Finalmente apareceu no streaming um dos filmes mais inacreditáveis que eu já assisti: Butt Boy (2019), de Tyler Cornack. O título está disponível para aluguel digital no Apple TV.
Lançado no Fantastic Fest, festival de Austin, no Texas, dedicado aos gêneros da ação, da fantasia, da ficção científica e do terror, Butt Boy não arrecadou um centavo nos cinemas — sua estreia no circuito comercial foi cancelada por causa da pandemia de covid-19.
Também não ganhou nenhum prêmio na sua trajetória, mas conquistou o coração do veterano John Waters, cineasta celebrizado por títulos transgressivos, como Pink Flamingos (1972), Hairspray: E Éramos Todos Jovens (1988), Cry-Baby (1990) e Cecil Bem Demente (2000). Convidado pelo jornal The New York Times a votar na eleição dos 100 melhores filmes do século 21, Waters incluiu Butt Boy na lista dos seus 10 preferidos.
Eu vi Butt Boy na edição de 2020 do Fantaspoa, o Festival Internacional de Cinema Fantástico de Porto Alegre, que foi totalmente online por causa da pandemia. Aliás, o Fantaspoa é famoso por proporcionar ao público filmes do tipo um em um milhão, como Rabo de Cavalo (2021), dos indianos Manoj Leonel Jason e Shyam Sunder, Mesa Maldita (2022), do espanhol Caye Casas, e Sanduíche Quente (2024), do uruguaio Manuel Facal.

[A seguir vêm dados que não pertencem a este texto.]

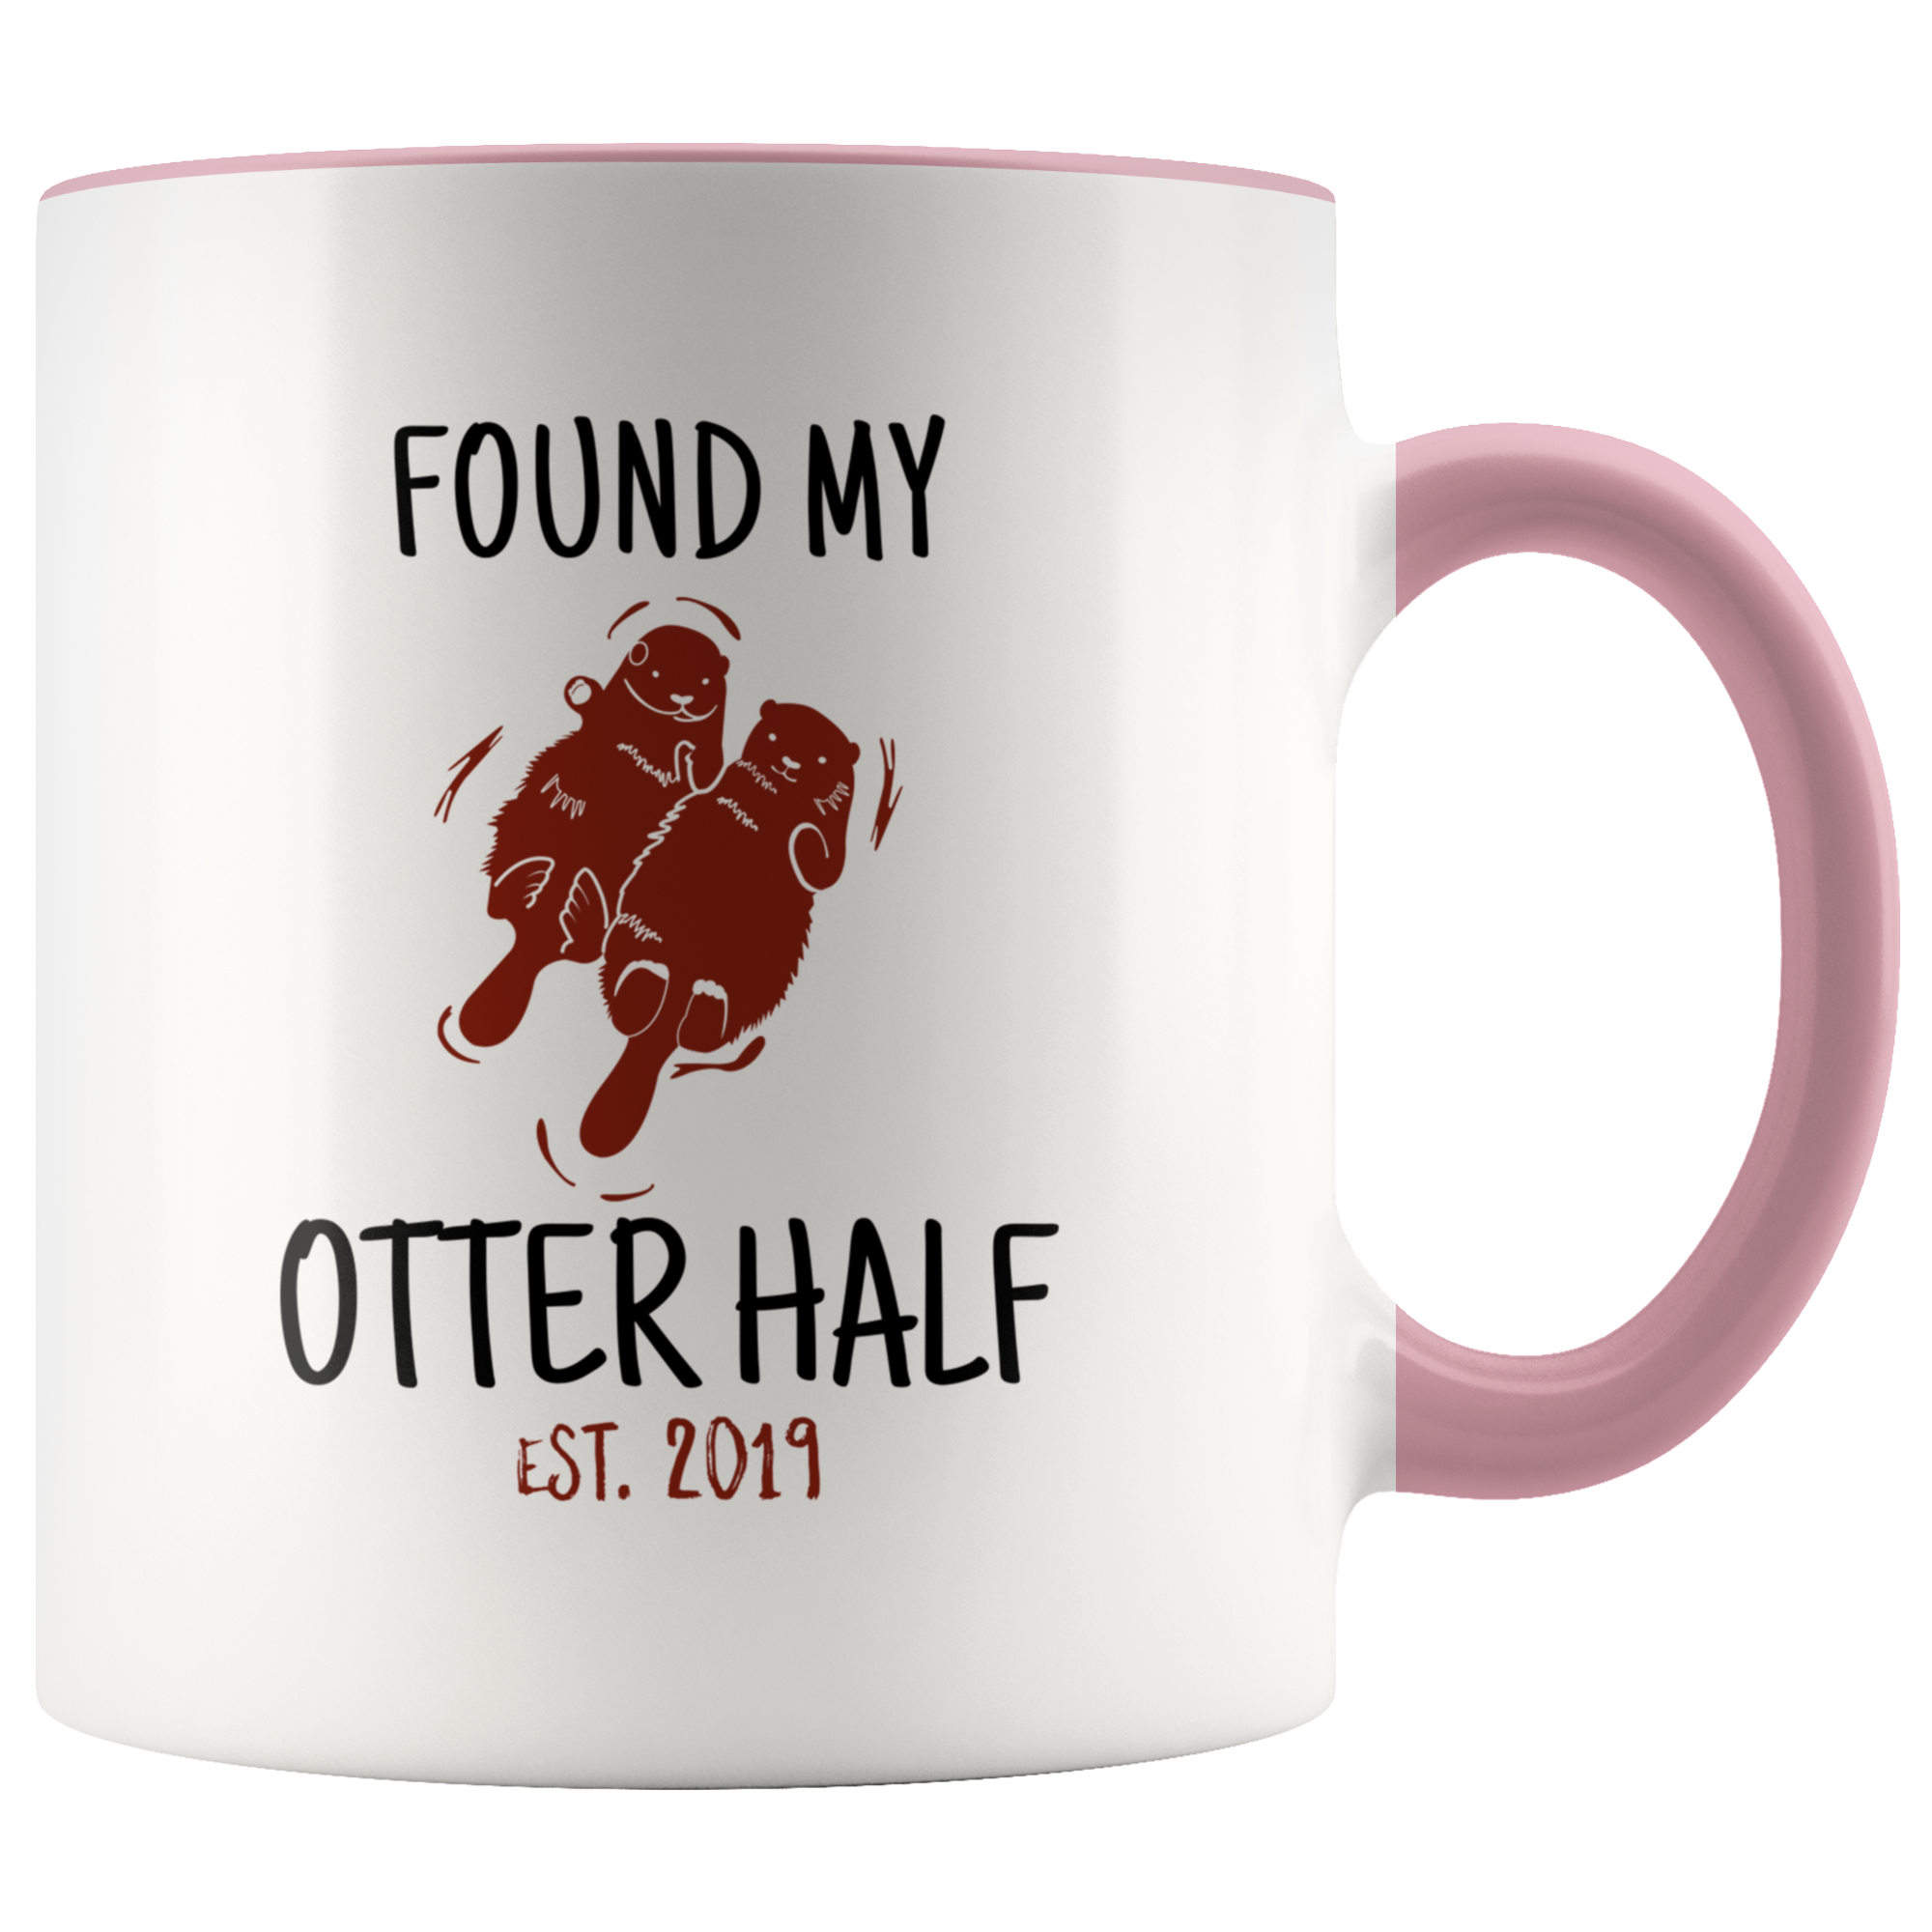 Found My Otter Half Accent Mug 2019 - Guestbookery

Os diretores e roteiristas destacados pelo festival fogem muito do convencional, do formulaico, da embalagem pronta para consumo universal. Portanto, é importante dizer que Butt Boy, definitivamente, não é para todos os gostos. Mas que coisa boa foi ter sido exposto a um filme assim.

Dirigido e coescrito por Tyler Cornack, o filme tem como personagem principal um sujeito com esposa, filho e trabalho, Chip Gutchel (interpretado pelo próprio realizador). Esse cara descobre prazer e alívio para suas angústias ao engolir, pelo ânus, coisas como um controle remoto ou um cachorrinho. Sim, isso mesmo, até um cachorrinho. E quando falo em engolir, é isso mesmo também: essas coisas somem.
Mais não conto para não estragar a surpresa. Só digo que, apesar da premissa escatológica, você vai encontrar bastante sensibilidade neste estudo sobre compulsão e solidão, e que também mistura um pouco de comédia com um pouco de policial a partir da entrada em cena de um detetive, Russell Fox (Tyler Rice), que passa a frequentar as mesmas reuniões de A.A. em que Chip escamoteia seu vício.